◆ Given material ◆
=== Section Start ===
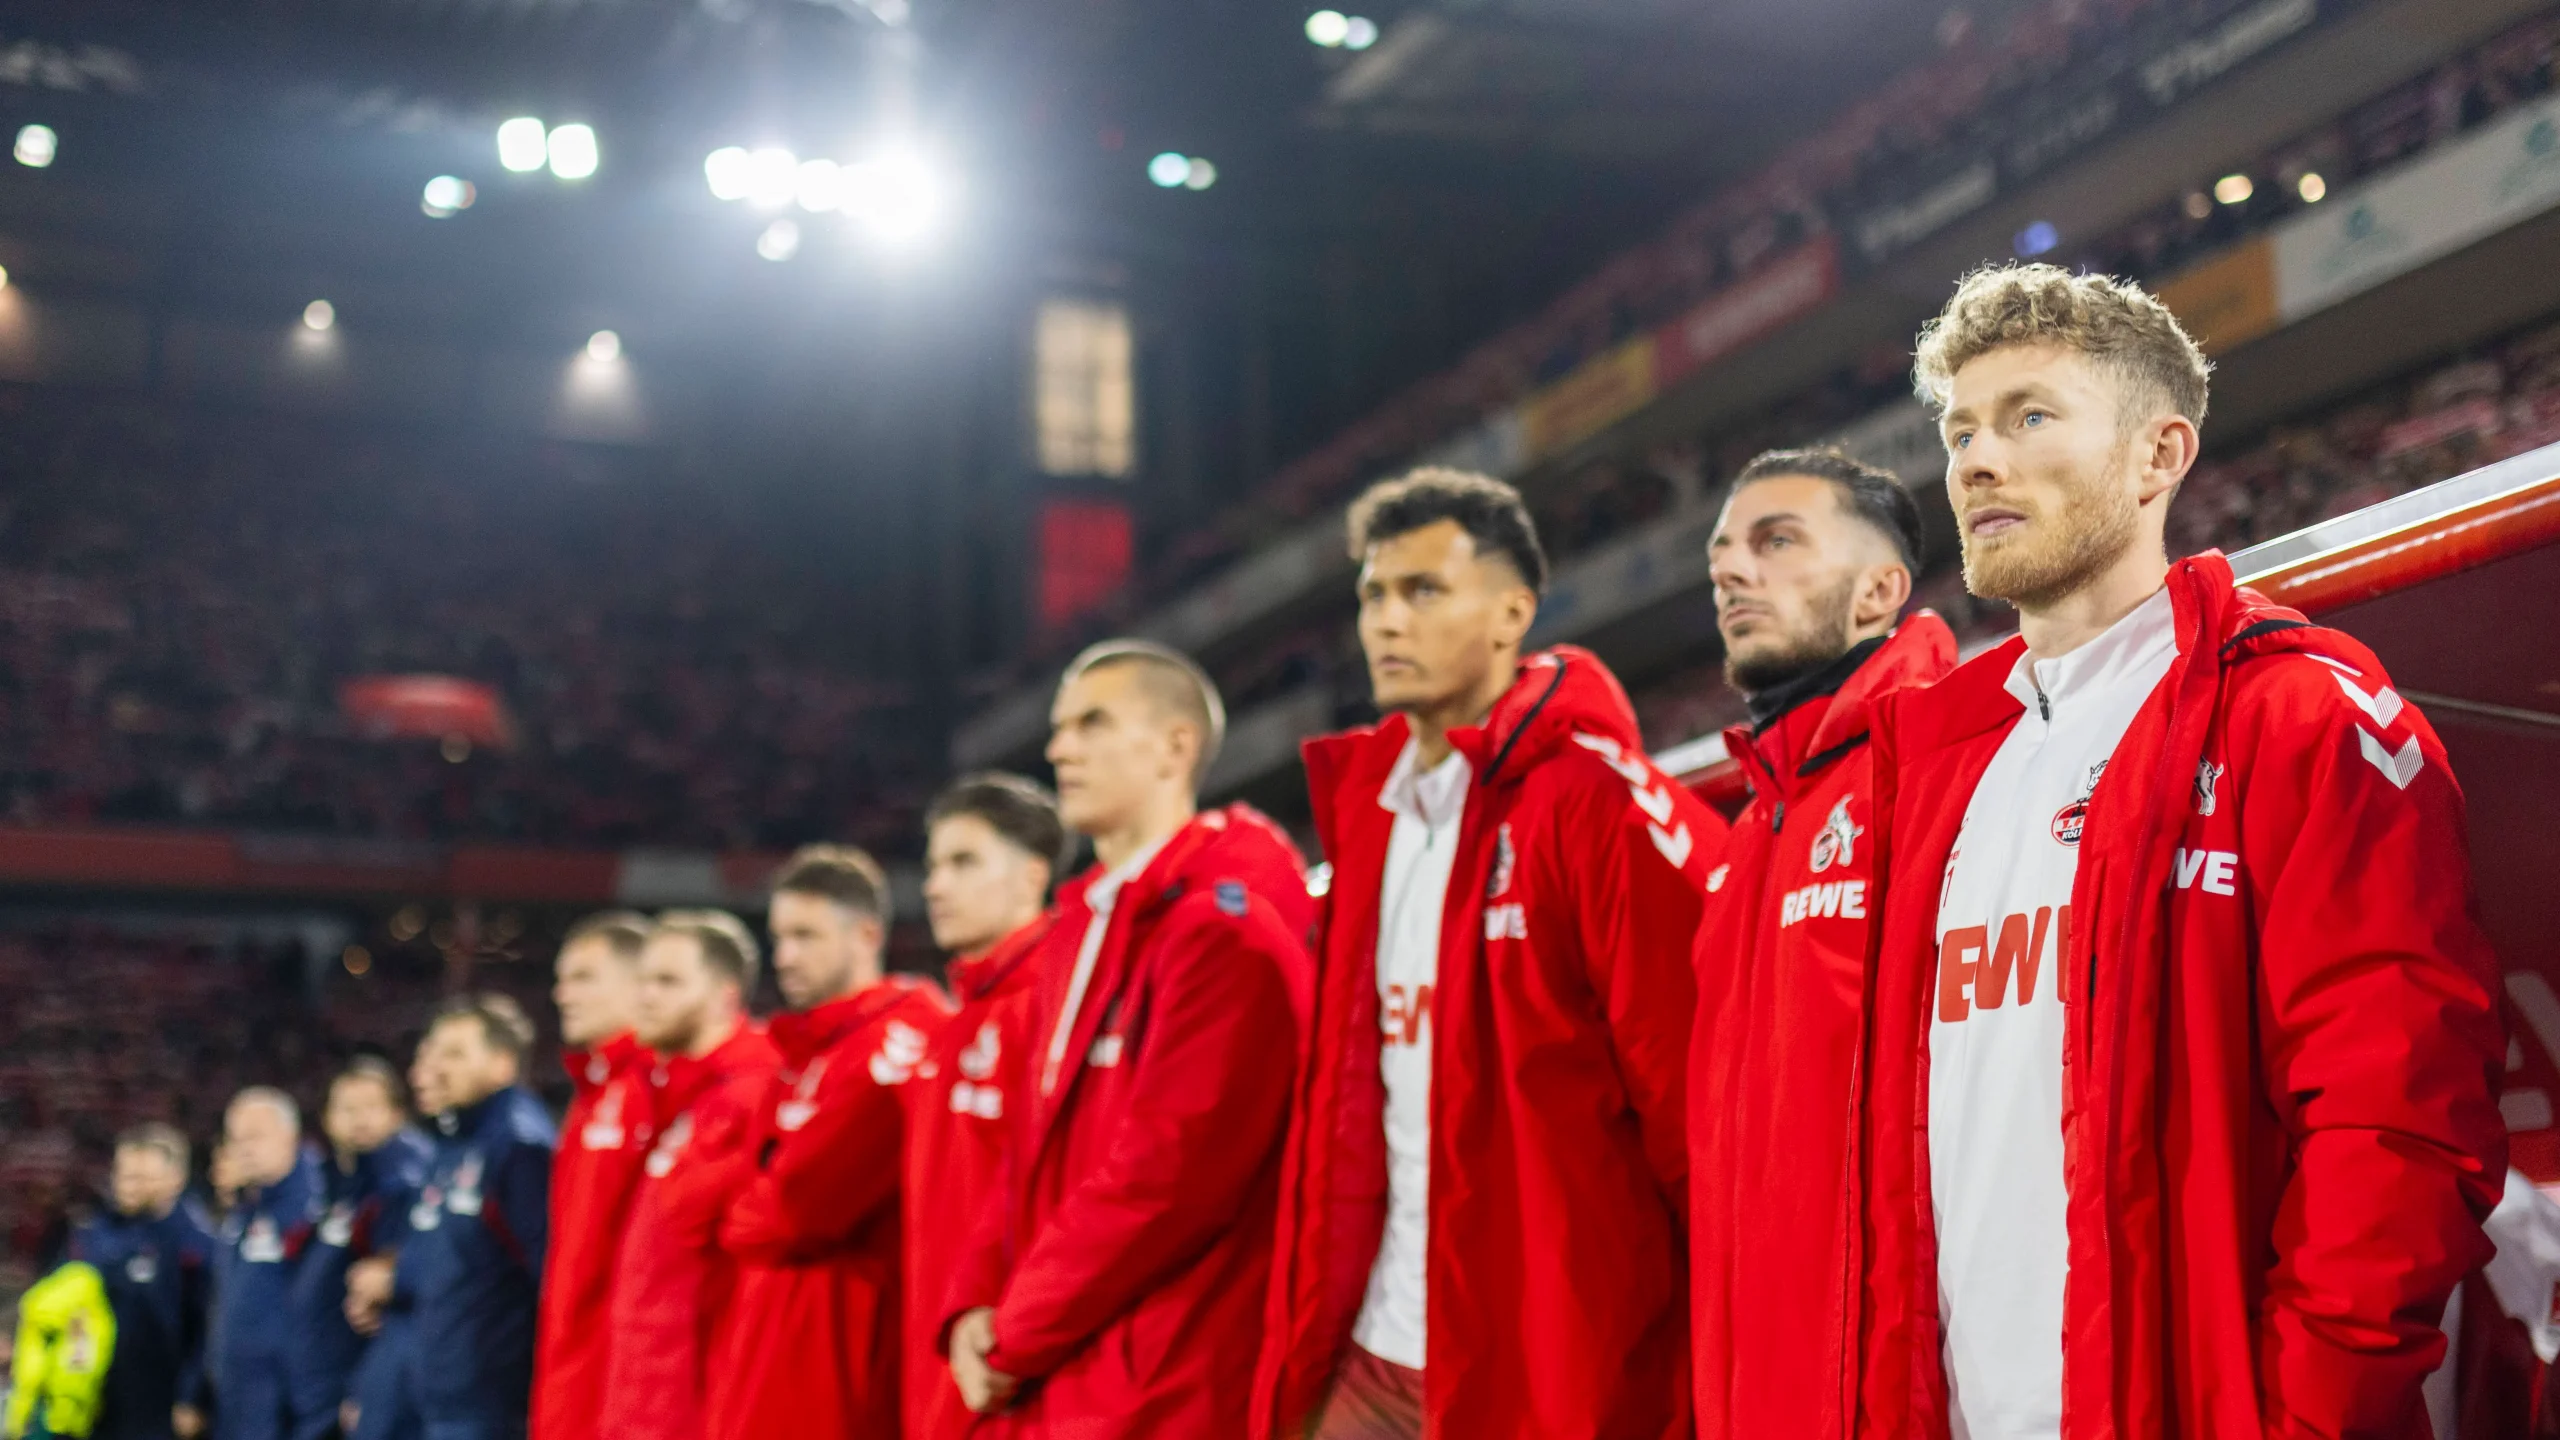 “Es ist alles okay”: Traurige Premiere für FC-Kapitän
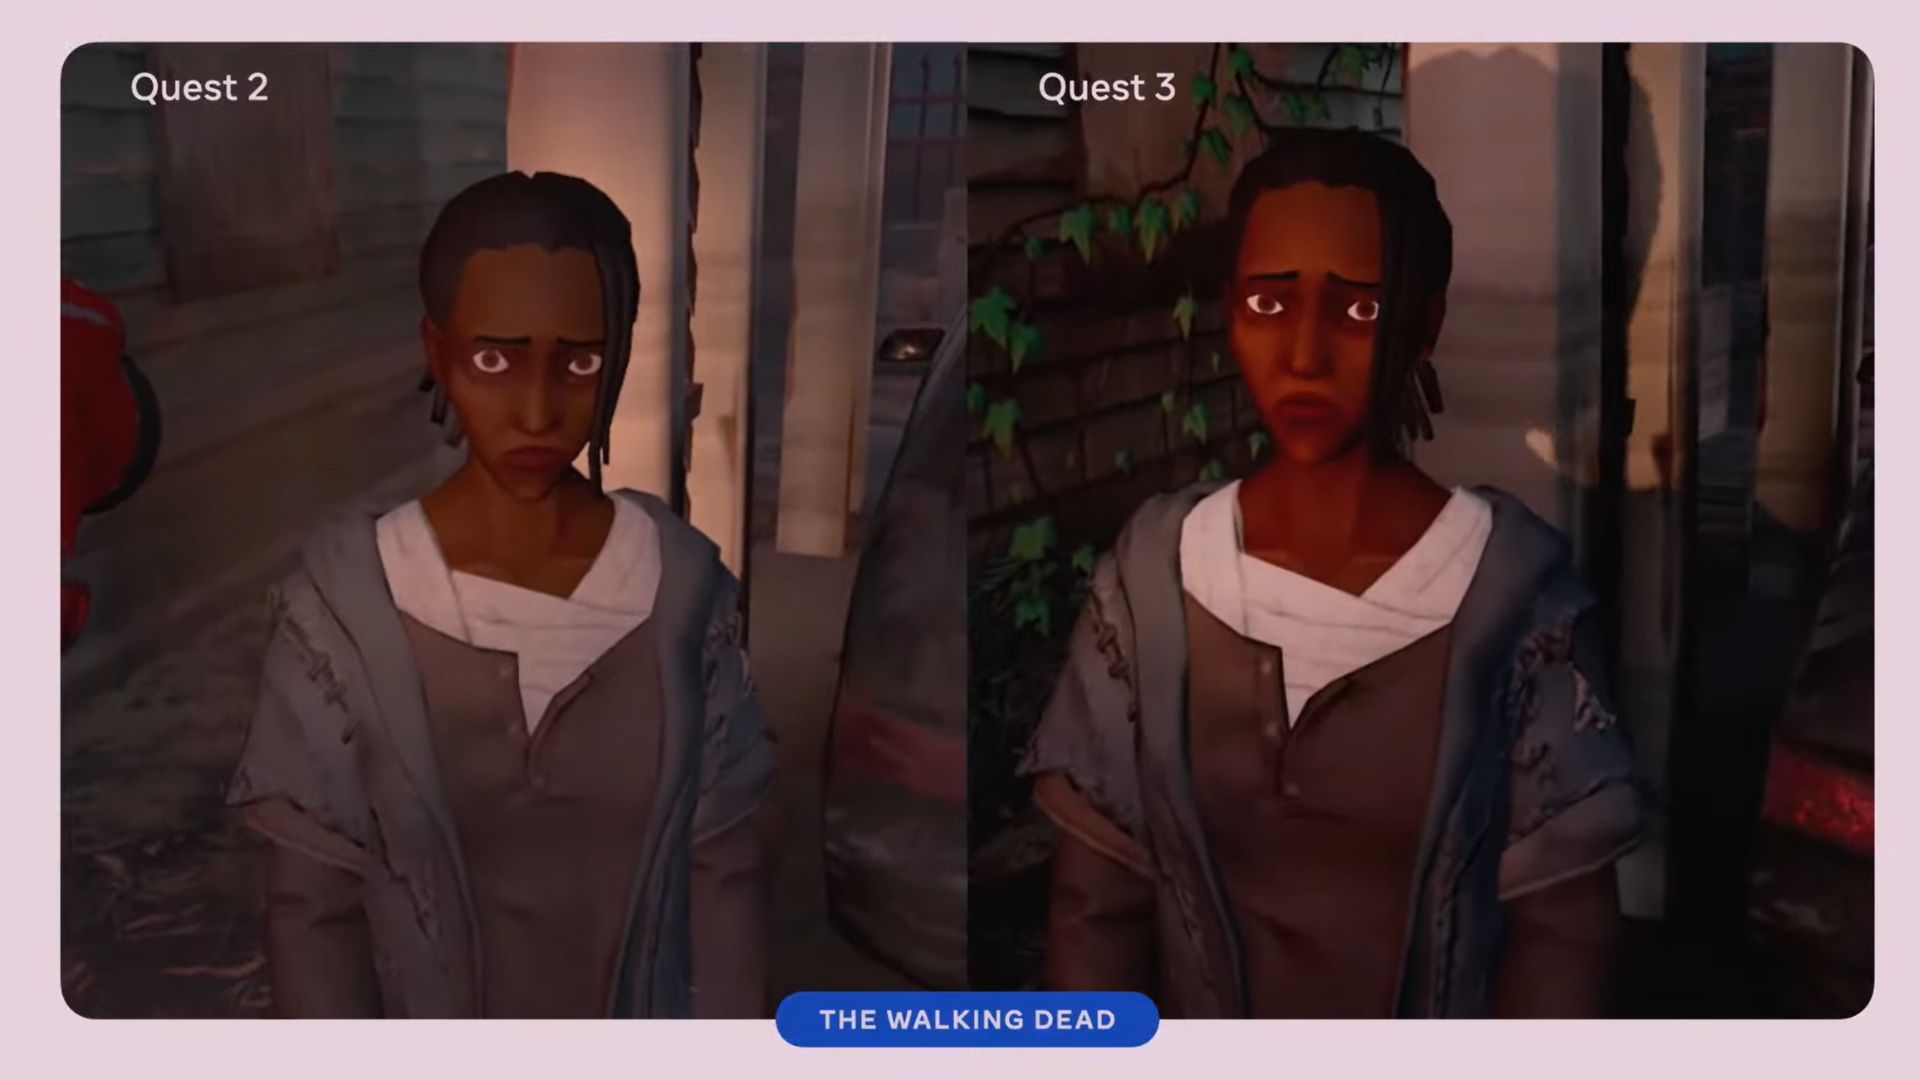 Comparación de gráficos de Meta Quest 3 mostrando el VR walking dead
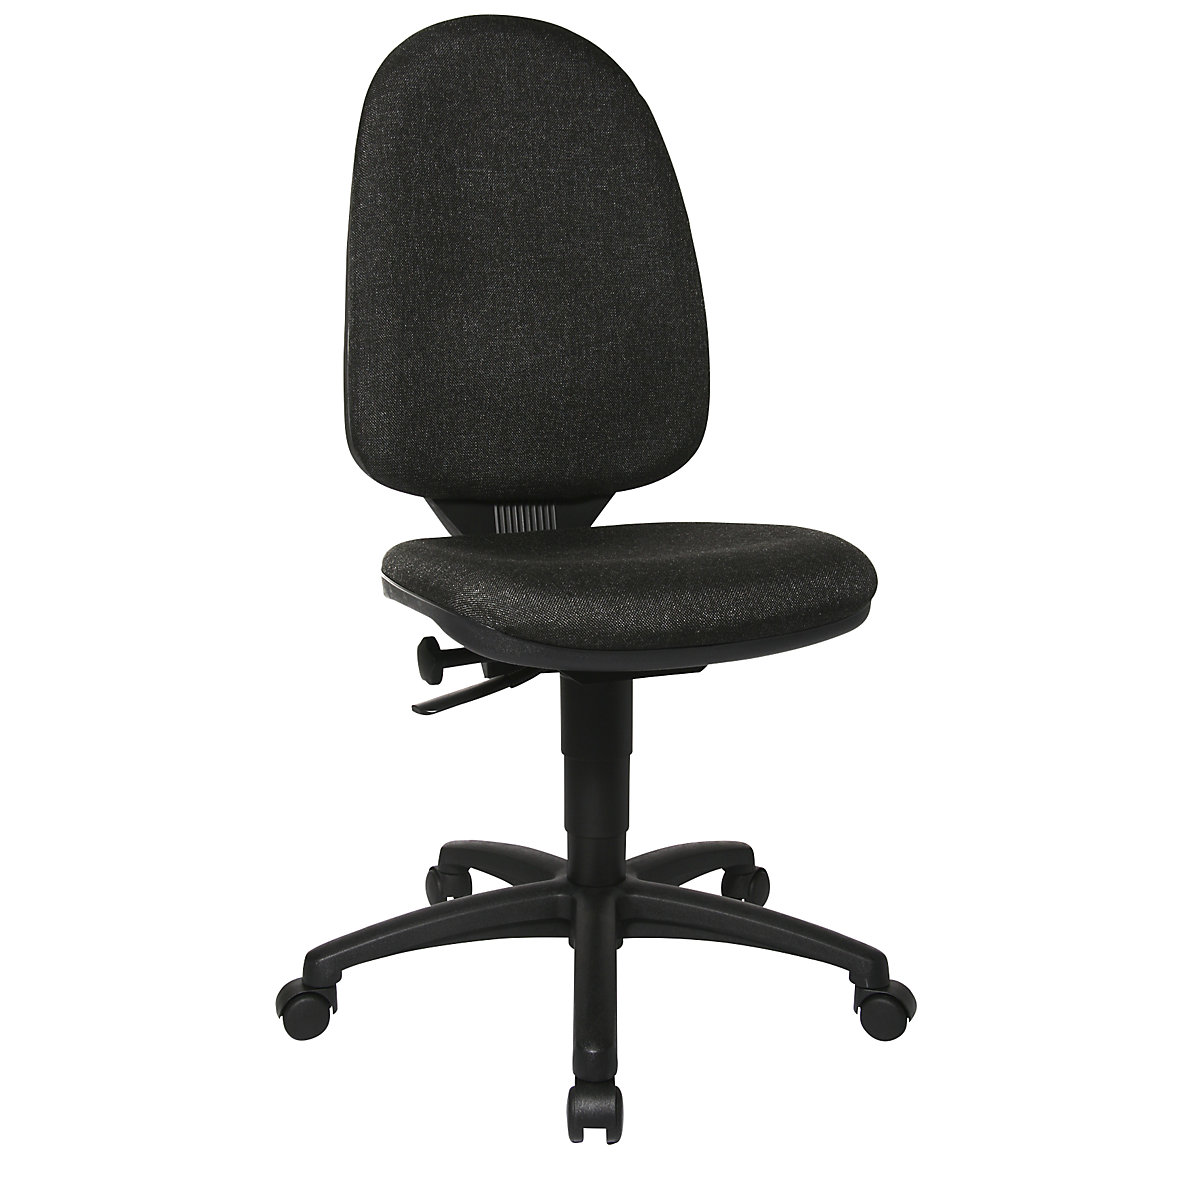 Standardna okretna stolica – Topstar, bez naslona za ruke, naslon za leđa 550 mm, postolje u crnoj, tkanina u antracit boji, od 2 komada-3
=== Section End ===
◆ Problem description ◆
Starting where a line contains "Comparación de gráficos" and finishing at the last line above, set down every line exactly as it reads, with no pictures.

◆ Result ◆
 Comparación de gráficos de Meta Quest 3 mostrando el VR walking dead
 Standardna okretna stolica – Topstar, bez naslona za ruke, naslon za leđa 550 mm, postolje u crnoj, tkanina u antracit boji, od 2 komada-3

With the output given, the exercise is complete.